* [EXERCISE OBJECTIVE] Reproduce the listing that follows word for word, without its pictures.

[[ DATASET CONTENT, beginning ]]

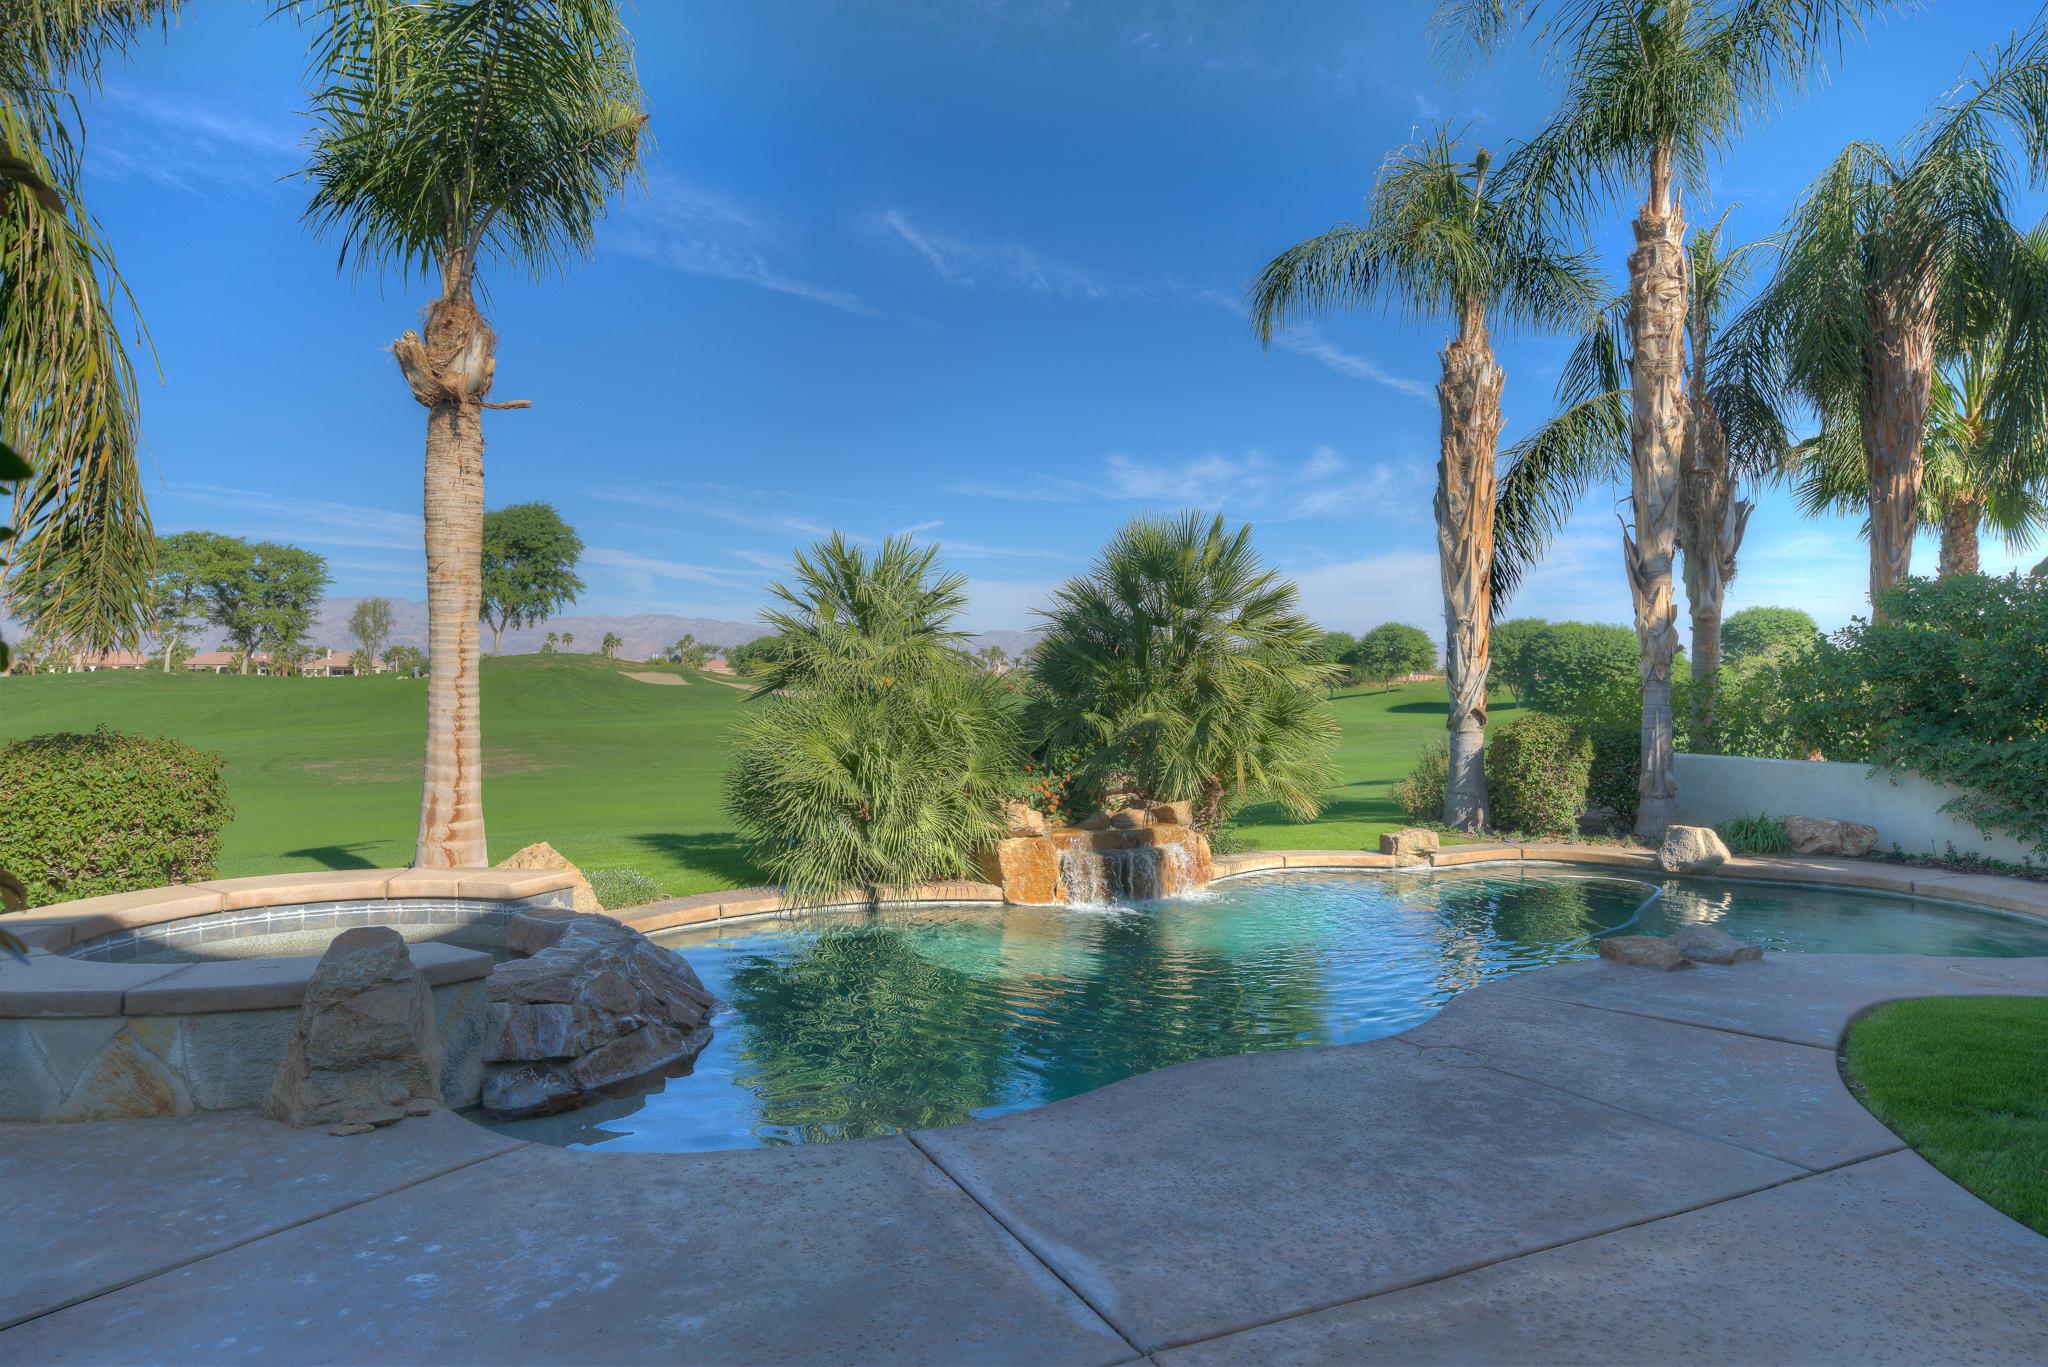 80350 Torreon Way, La Quinta, California 92253, 3 Bedrooms Bedrooms, ,4 BathroomsBathrooms,Residential,For Sale,80350 Torreon Way,219042670
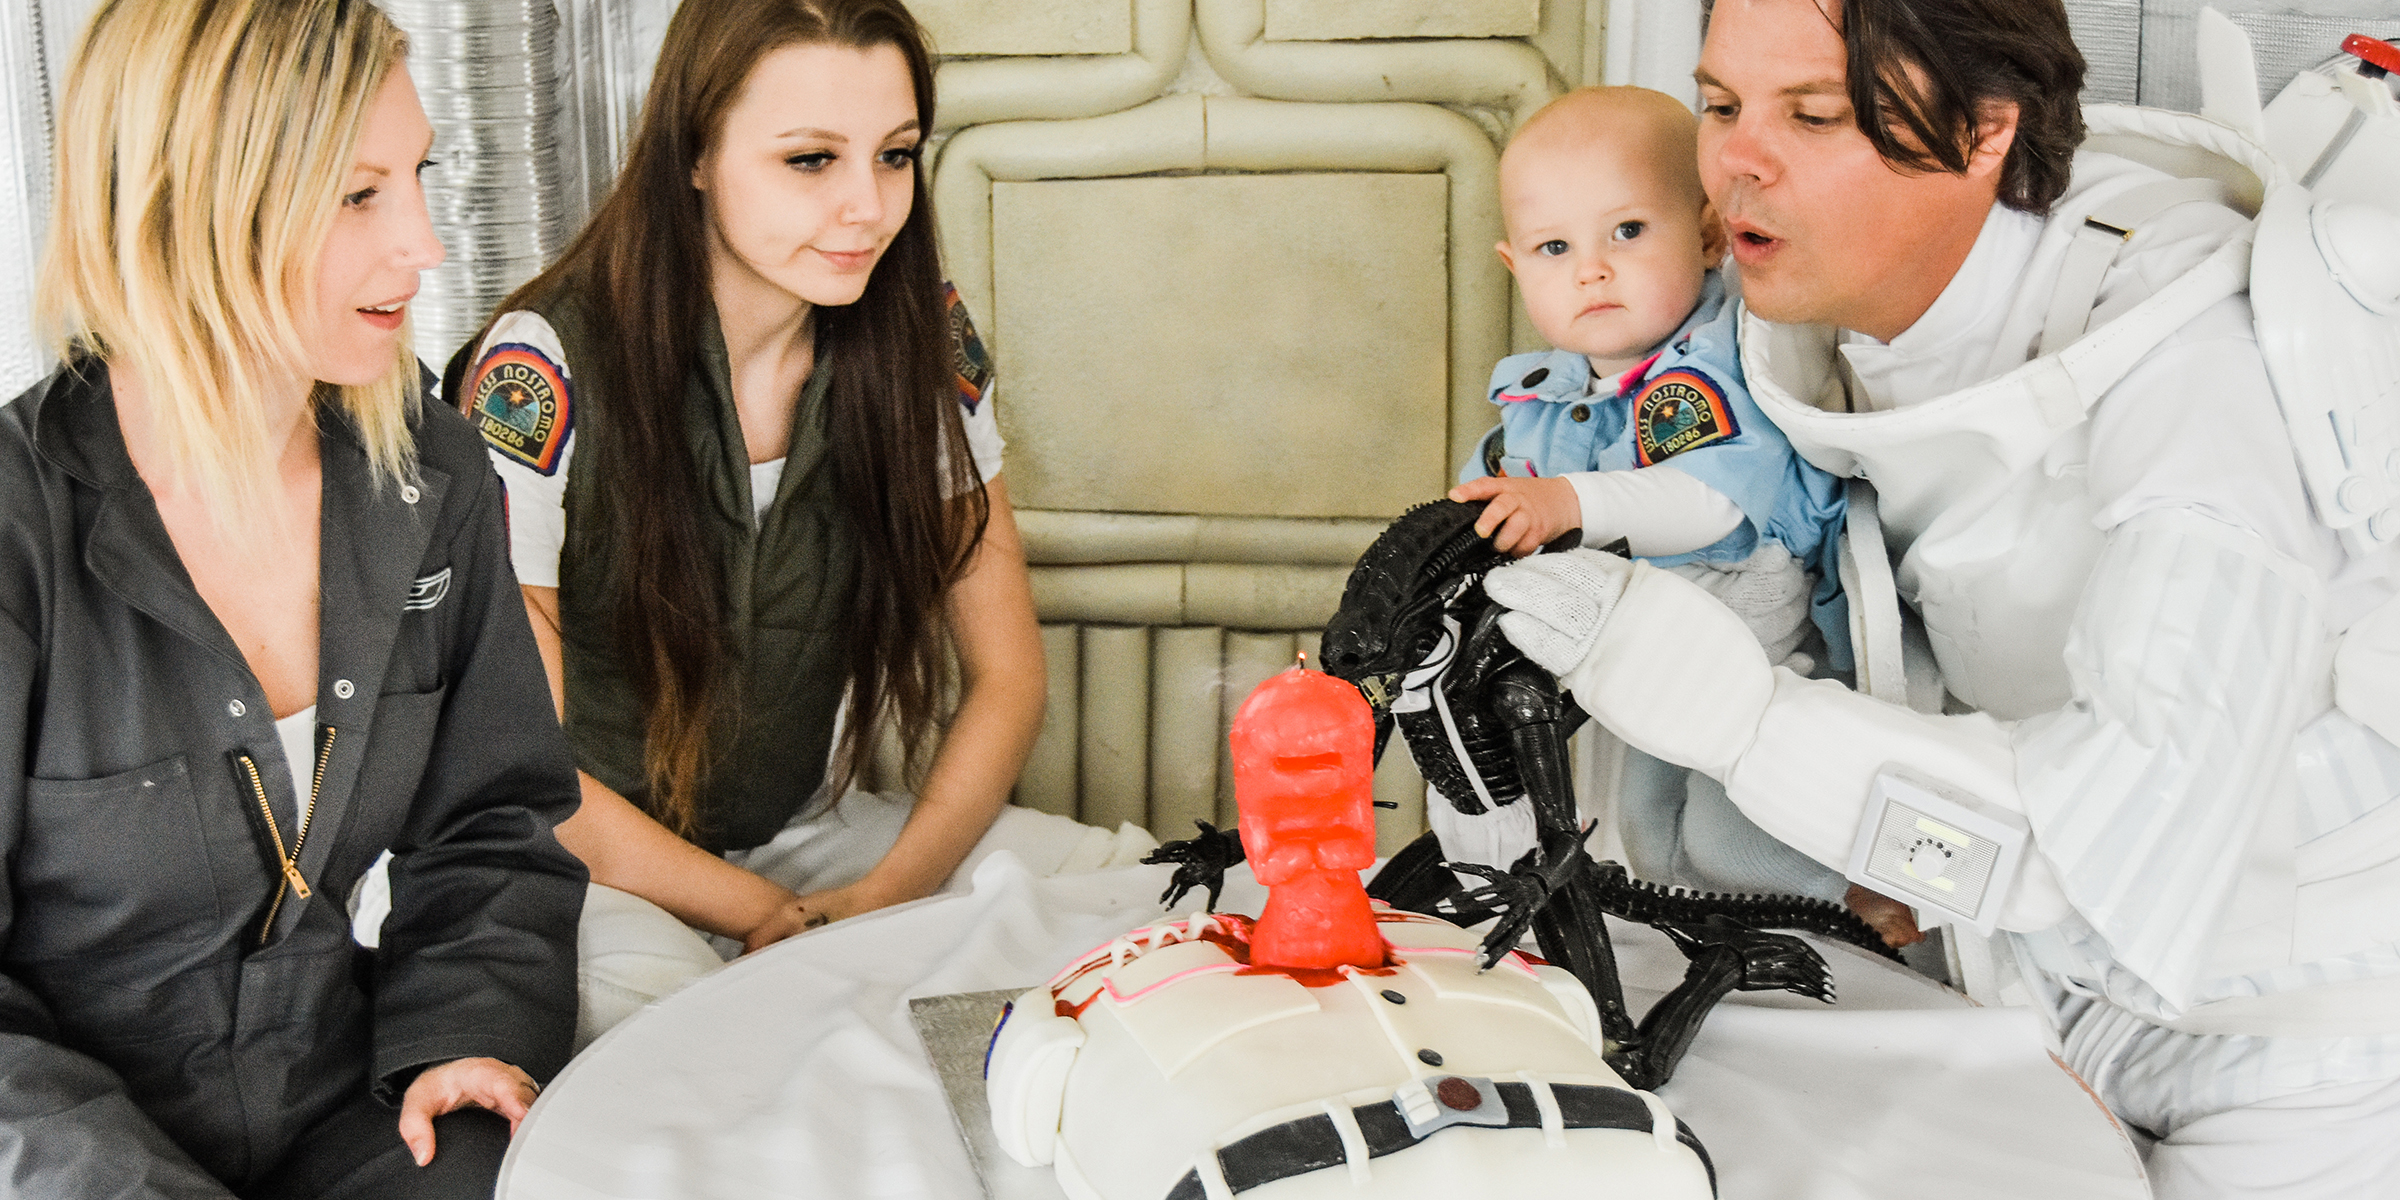 Alien Themed Chestburster Maternity Birthday Photos Wow
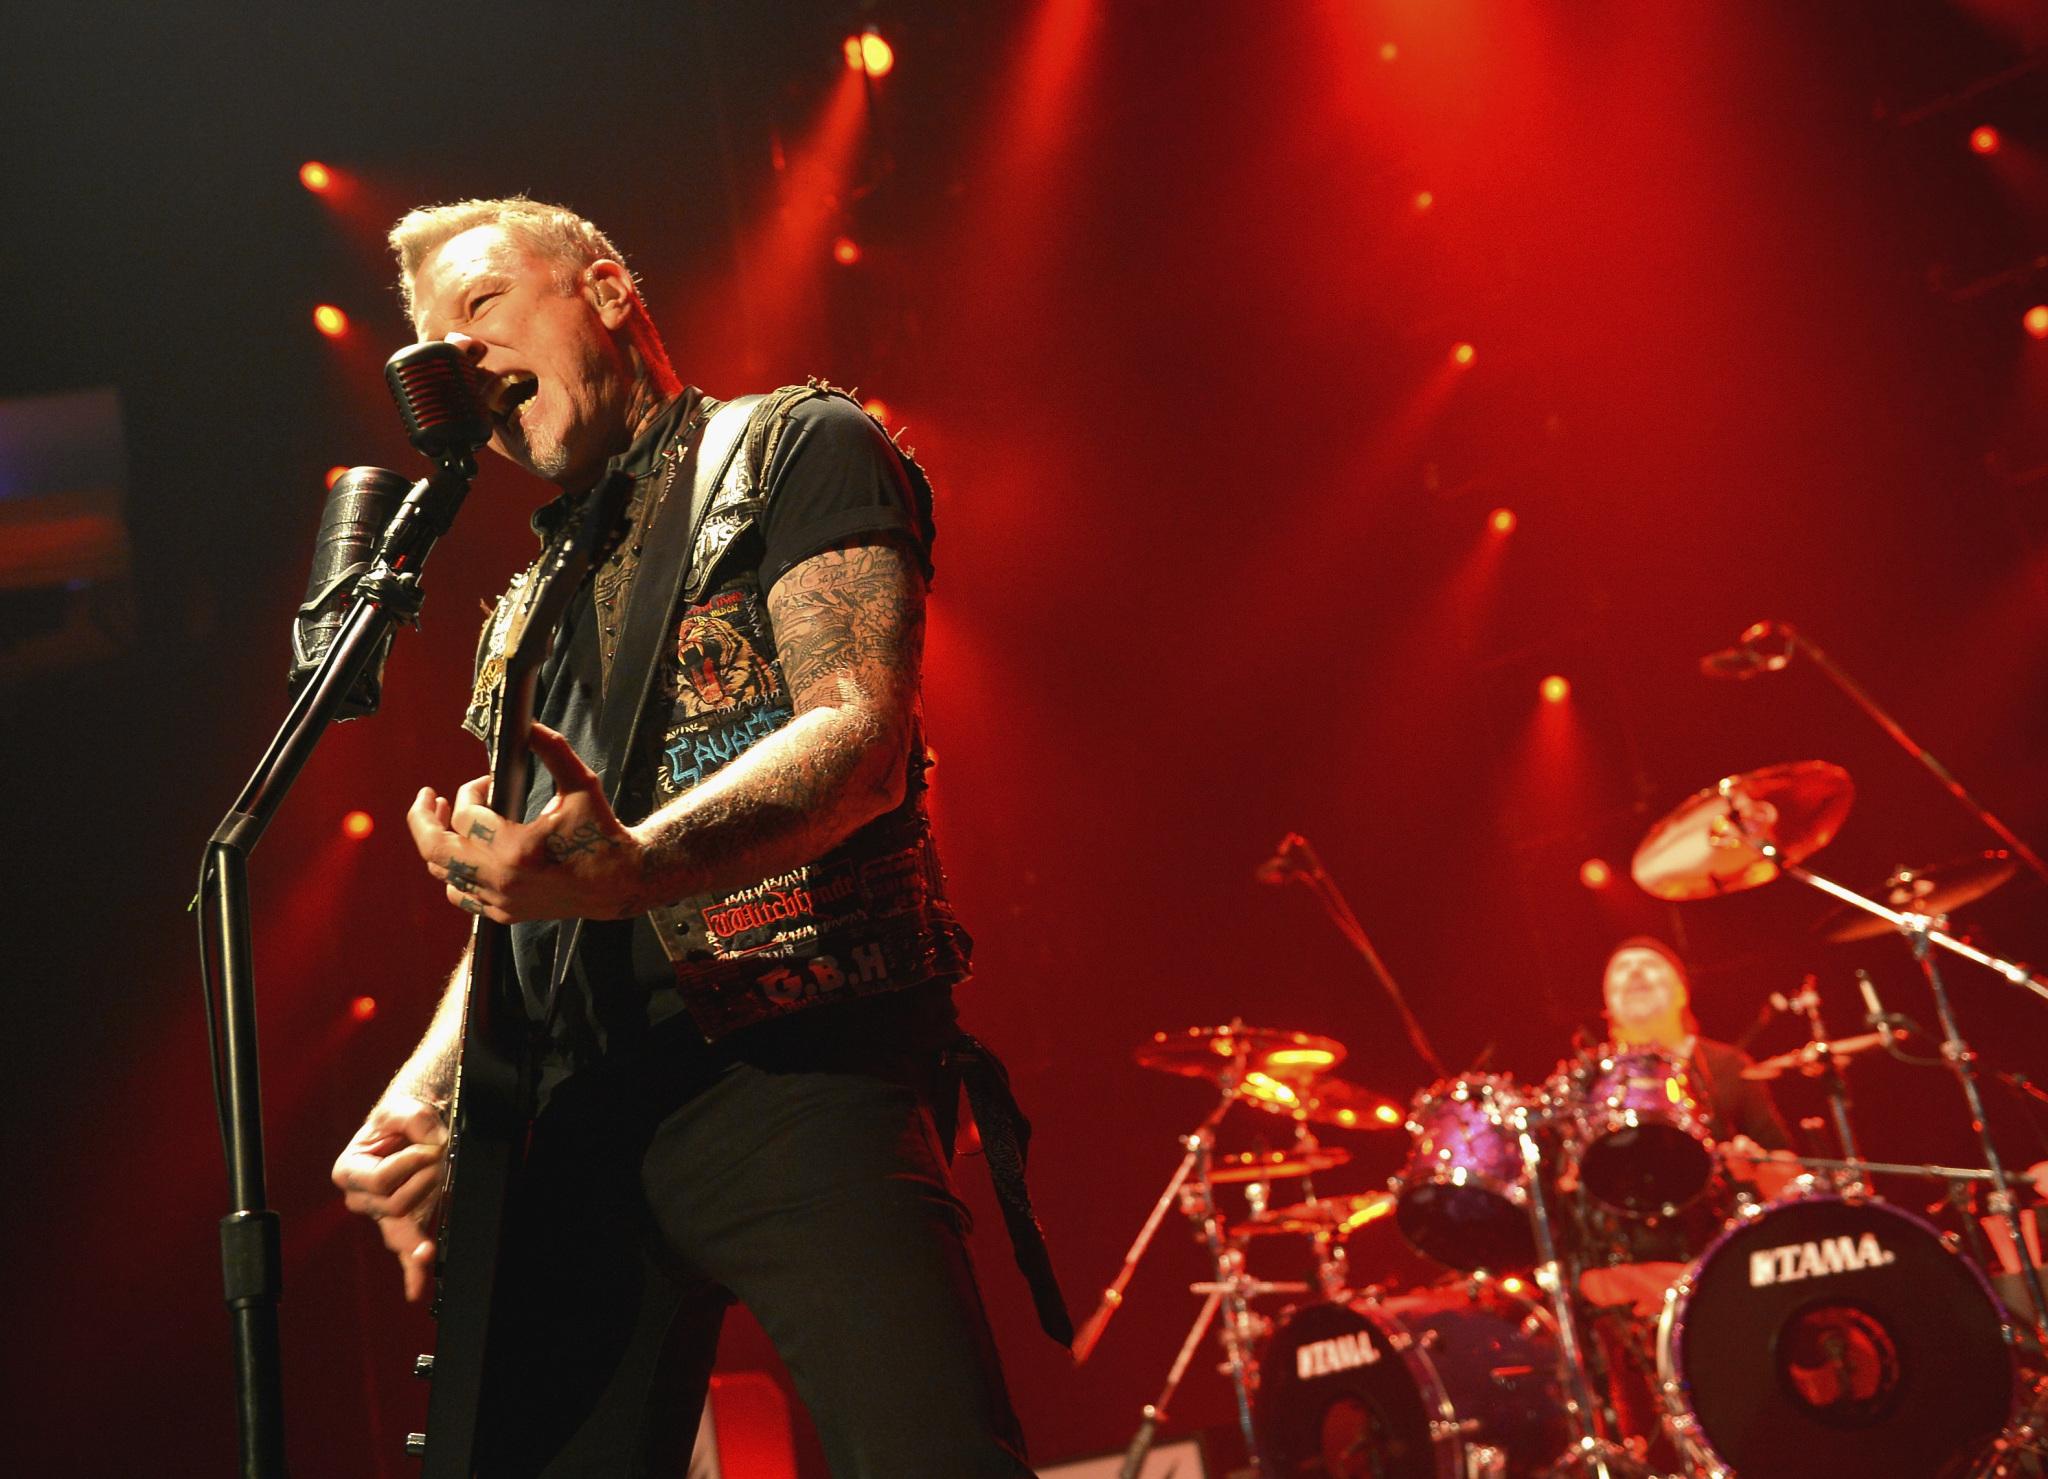 Enter Panaman (Metallica/Van Halen Mashup!)

[[ DATASET CONTENT, end ]]

* [SOLUTION TO THE EXERCISE]
 80350 Torreon Way, La Quinta, California 92253, 3 Bedrooms Bedrooms, ,4 BathroomsBathrooms,Residential,For Sale,80350 Torreon Way,219042670
 Alien Themed Chestburster Maternity Birthday Photos Wow
 Enter Panaman (Metallica/Van Halen Mashup!)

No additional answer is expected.